A Galp interrompeu assim um ciclo consecutivo de quatro sessões seguidas a valorizar, registando mesmo a maior queda diária desde que a 24 de Agosto deste ano afundou perto de 8%.

 

Mas para além de ter registado uma queda bastante acentuada, a cotada liderada por Carlos Gomes da Silva também apresentou grande liquidez ao longo de uma sessão em que trocaram de mãos mais de 5,5 milhões de títulos, valor que compara com uma média diária, nos últimos seis meses, pouco acima das 1,5 milhões de acções.

 

"É positivo para a Galp que a Eni tenha saído finalmente da sua estrutura accionista", realça o analista do Haitong, Filipe Rosa, que considera que o desconto de 2,5% "mostra que houve um forte interesse dos investidores em participarem" na compra destas acções.

 

Já os analistas do BPI consideram que o preço a que as acções da Galp foram vendidas pela Eni representa um "desconto modesto" face ao valor de fecho da sessão anterior. Esta alienação "põe fim ao risco associado à participação do grupo italiano".

 
A potencial venda desta parcela do capital da Galp era apontada pela generalidade dos analistas como um factor de pressão, já que a Eni detinha esta última parcela do capital da petrolífera portuguesa através de obrigações convertíveis em acções cuja maturidade era alcançada precisamente em Novembro, desbloqueando estes títulos, que poderiam assim ser colocados no mercado. E em causa estavam mais de 30 milhões de acções. 

Os analistas lembram que ainda há mais participações que são detidas através de obrigações convertíveis em acções, contudo a primeira a vencer é em Setembro de 2017 e a segunda é da Amorim Energia, cuja maturidade é atingida em 2018. No primeiro caso é uma posição representativa de 7% da Galp e no segundo de 3%.

 

Ambos os accionistas em causa "estão com pouca liquidez", realça o analista do Haitong, que considera que as posições destes dois accionistas terão futuros diferentes. "Enquanto pensamos que é muito provável que a participação da Parpública seja posta no mercado quando as obrigações vencerem, já que o Governo português quer concluir a privatização e sair completamente da estrutura accionista da Galp, no caso da Amorim Energia não esperamos que venda as acções", explica o analista numa breve nota de análise a que o Negócios teve acesso. 

 

Desde o início de 2015, as acções da Galp Energia já valorizaram 13,41% para uma capitalização bolsista que actualmente é já superior a 7,9 milhões de euros. 

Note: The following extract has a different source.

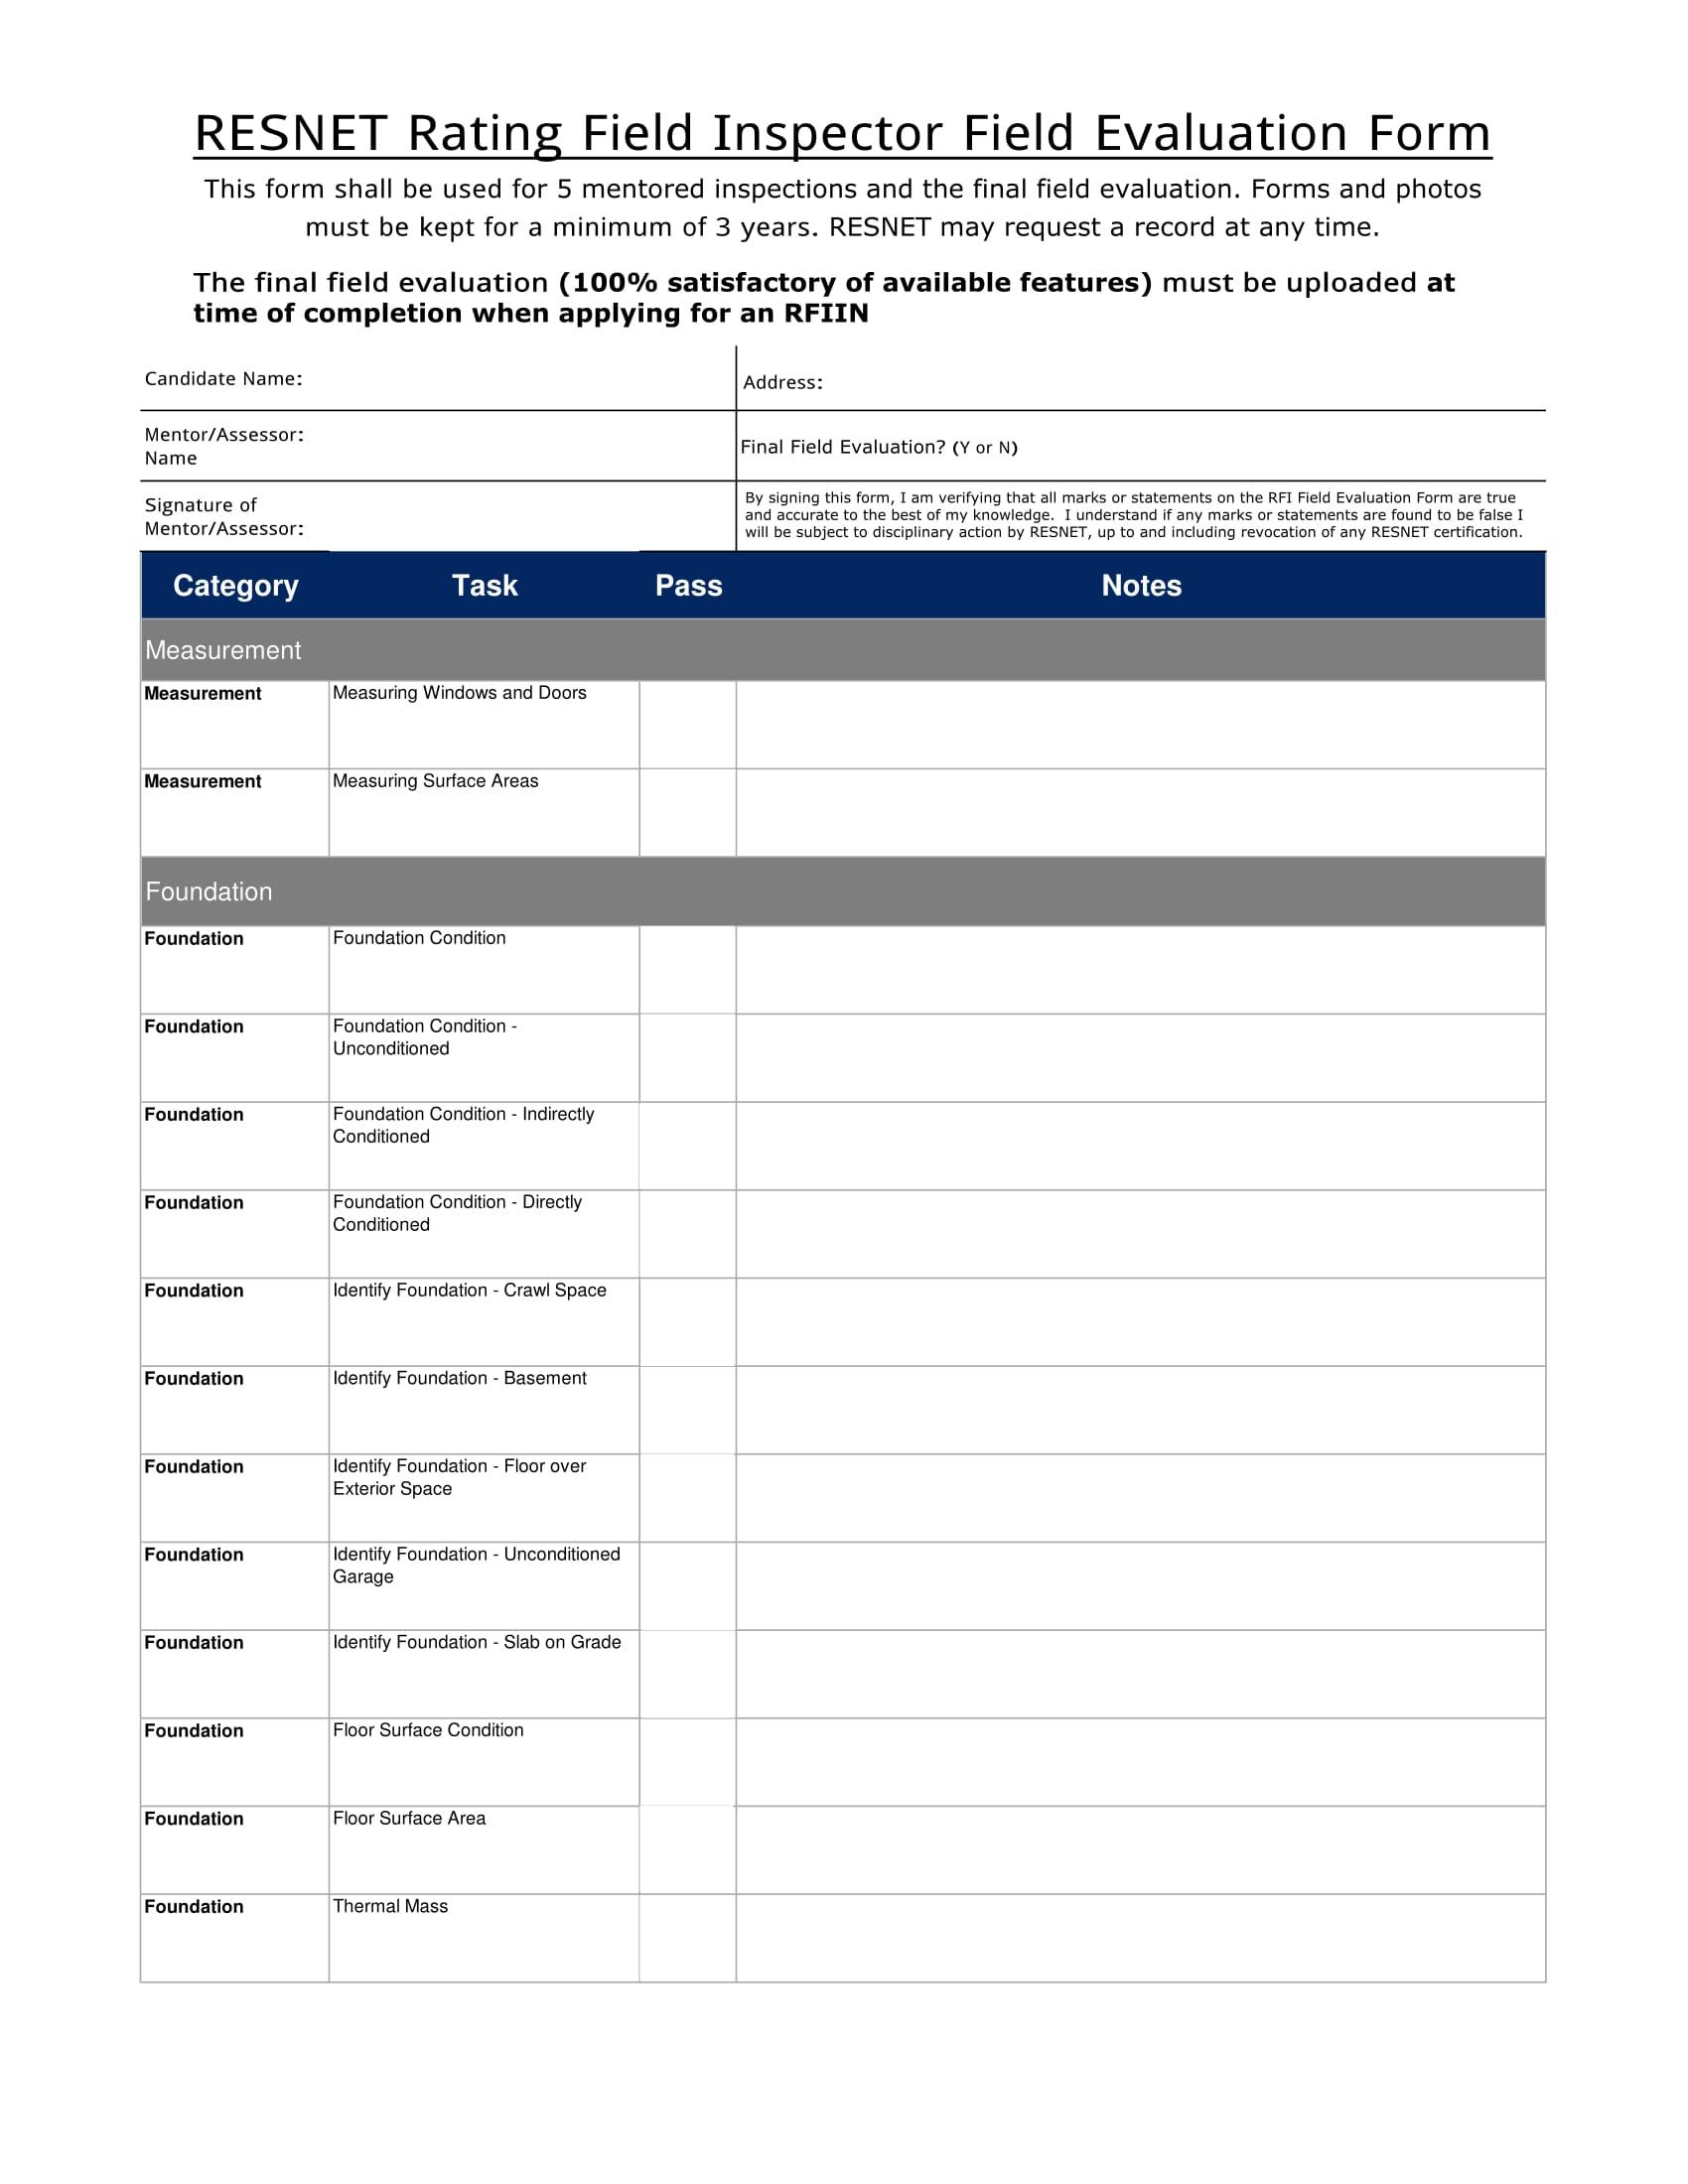 field inspector field evaluation form 1

Nota: A notícia não dispensa a consulta da nota de "research" emitida pela casa de investimento, que poderá ser pedida junto da mesma. O Negócios alerta para a possibilidade de existirem conflitos de interesse nalguns bancos de investimento em relação à cotada analisada, como participações no seu capital. Para tomar decisões de investimento deverá consultar a nota de "research" na íntegra e informar-se junto do seu intermediário financeiro.